Required action
Your task is to reproduce exactly the lines from the one containing "Mo Farah salutes" through the last line below, both ends included, and nothing else, with no pictures.

Given information

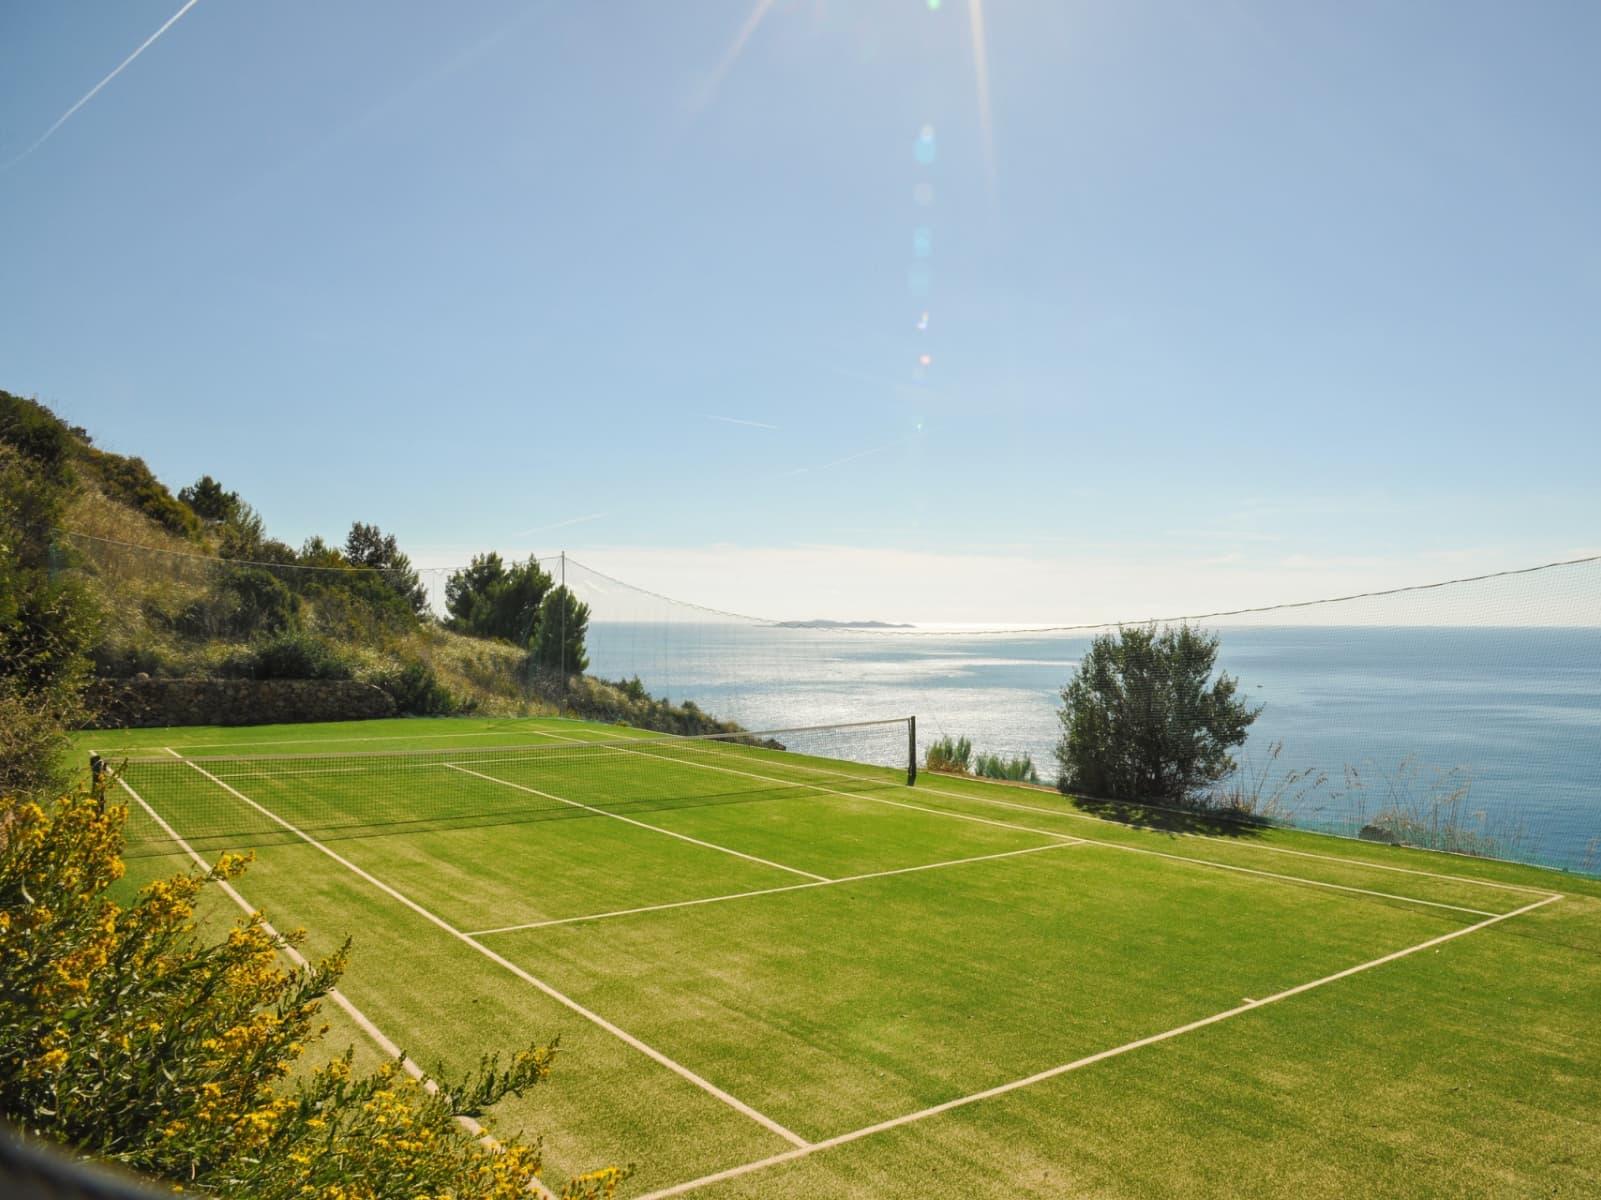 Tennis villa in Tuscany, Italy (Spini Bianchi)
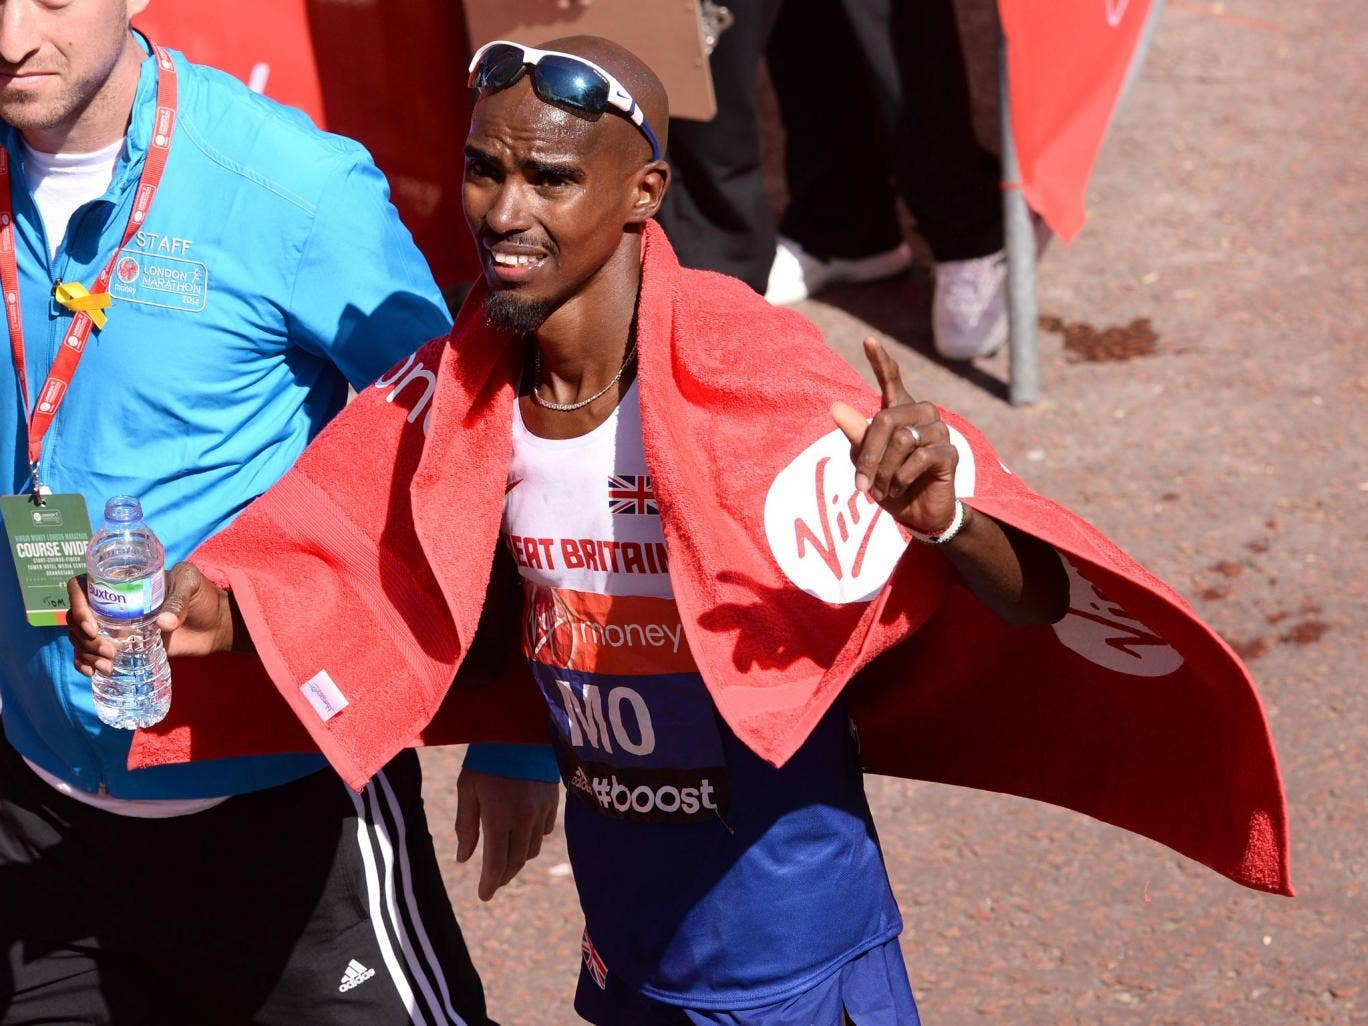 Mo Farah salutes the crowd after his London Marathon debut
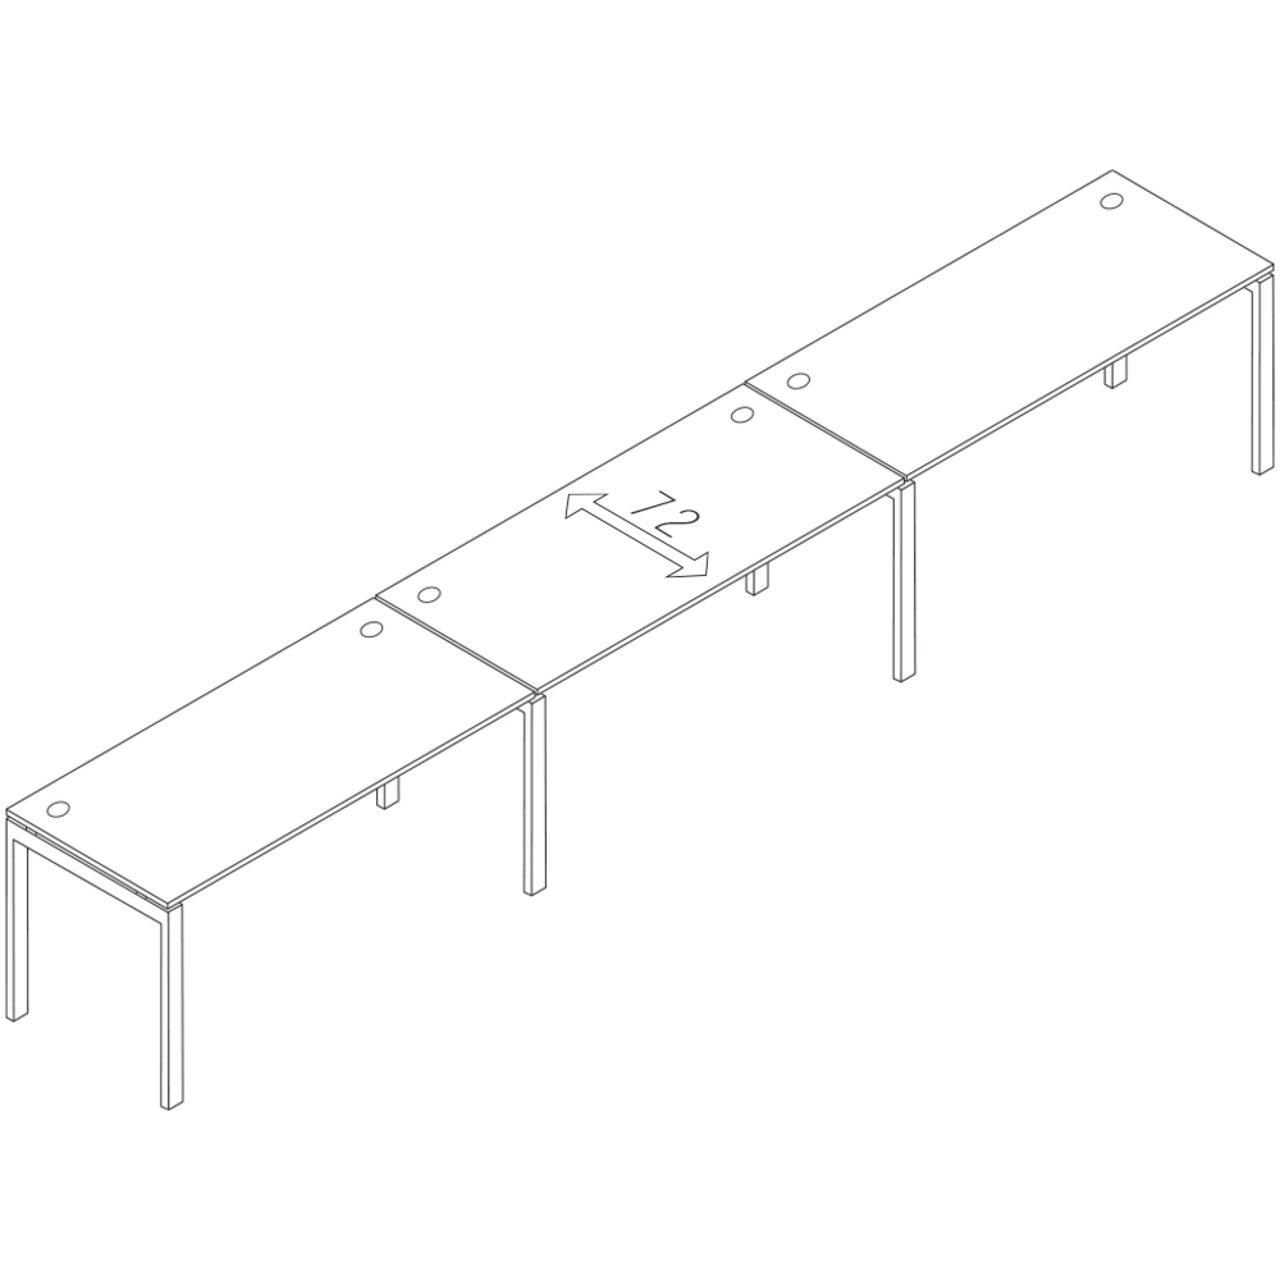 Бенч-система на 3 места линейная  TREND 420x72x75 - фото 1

Exercise output
 Mo Farah salutes the crowd after his London Marathon debut
 Бенч-система на 3 места линейная  TREND 420x72x75 - фото 1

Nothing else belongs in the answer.